Edição n. 419 - 08 de setembro de 2010

[edição 355]
Zilda Arns, um anjo

Em 2002, quando eu ainda era deputado, pedi, num discurso, o endosso da Câmara Federal à indicação de Zilda Arns para o Nobel da Paz. O apoio foi dado e foi unânime, mas os suecos preferiram, naquele ano, premiar o ex-presidente americano Jimmy Carter. Zilda não perdeu nada, ela foi muito maior do que o Nobel e do que o Carter. Mas, o mundo perdeu a oportunidade de reconhecer o verdadeiro caminho da paz: o trabalho da Pastoral da Criança. Zilda Arns morreu em Porto Príncipe, Haiti, no último dia 12, da mesma maneira como sempre viveu: amando o próximo. No caso dela, mais do que a si mesma. Se você acredita em anjos, fique certo: desde aquele dia 12 há mais um deles no Céu.
[edição 355]
Lula, o filho: não vi e não gostei

Filme sobre a vida do Lula patrocinado por empresas que receberam financiamentos do Governo? Nem de graça. E com apoio da Camargo Corrêa? Nem pela graça do ar-condicionado no verão de Blumenau. Não sei se pelas mesmas minhas implicâncias, mas o fato é que o povo também está com um pé atrás: o filme-propaganda do Lula é um fracasso. Lançado espetacularmente em 430 salas de cinema pelo País afora, a expectativa do cordão de puxa-sacos era de um tremendo sucesso, milhões de espectadores chorando comovidos, o maior público da história deste País. E está perdendo feio, por exemplo, para “Alvin e os Esquilos 2”. No segundo fim de semana do ano Alvin foi visto por 640 mil pessoas e Lula por 102 mil. Agora a esperança do cordão é o “esquema sindical”. O Filho do Brasil está sendo oferecido pela metade do preço aos sindicalizados. Depois serão instalados telões em tudo que é biboca onde não há cinema.
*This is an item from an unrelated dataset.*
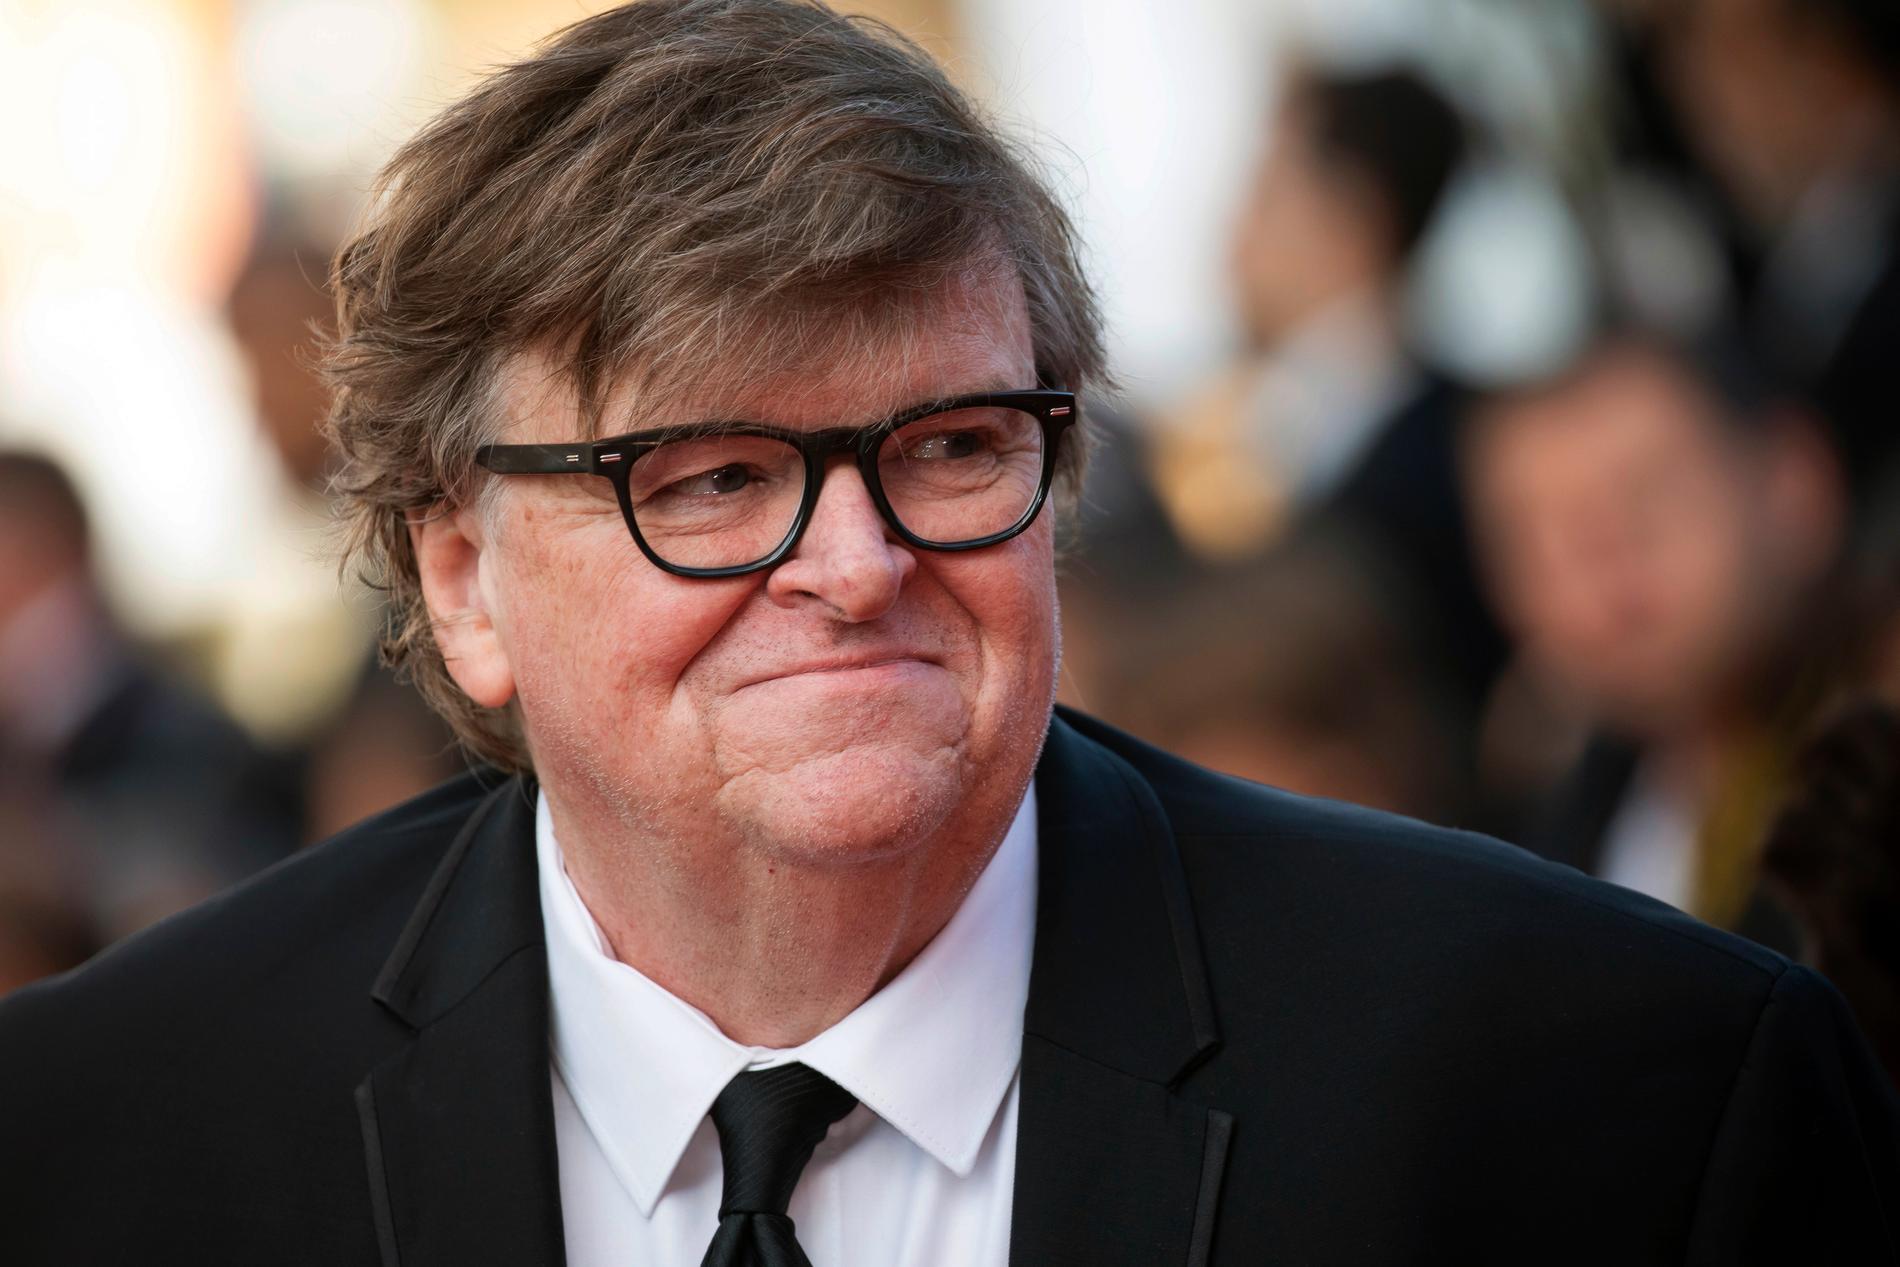 Michael Moores senaste verk ”Planet of the humans” får nobben av omvärlden.

Tudo para que o povo brasileiro possa venerar esse extraordinário Filho do Brasil, o presidente Lula da Silva. O problema, porém, dos Goebbels dos novos tempos é que o povo, pelo jeito, já sentiu o cheiro da enganação.
[edição 355]
Convergências estivais

Jorge Bornhausen, que sabe tudo de política, costuma dizer que um partido que tem dois candidatos não tem nenhum. Até o fim do ano o PSDB tinha dois pretendentes à Presidência da República: o governador de São Paulo José Serra e o de Minas, Aécio Neves. No conceito de Jorge, portanto, os tucanos não tinham candidato. Hoje eles têm um. Ficou o Serra. E as candidaturas presidenciais estão praticamente definidas: Serra, Dilma Rousseff e Marina Silva, talvez ainda Ciro Gomes. Em Santa Catarina, o mesmo afunilamento está acontecendo, embora por vias mais tortas. A “tríplice aliança” dos quatro partidos que apóiam LHS está, aparentemente, convergindo para Raimundo Colombo. Ângela e Ideli talvez cheguem a um acordo. Caminhamos, aqui, para um mano-a-mano.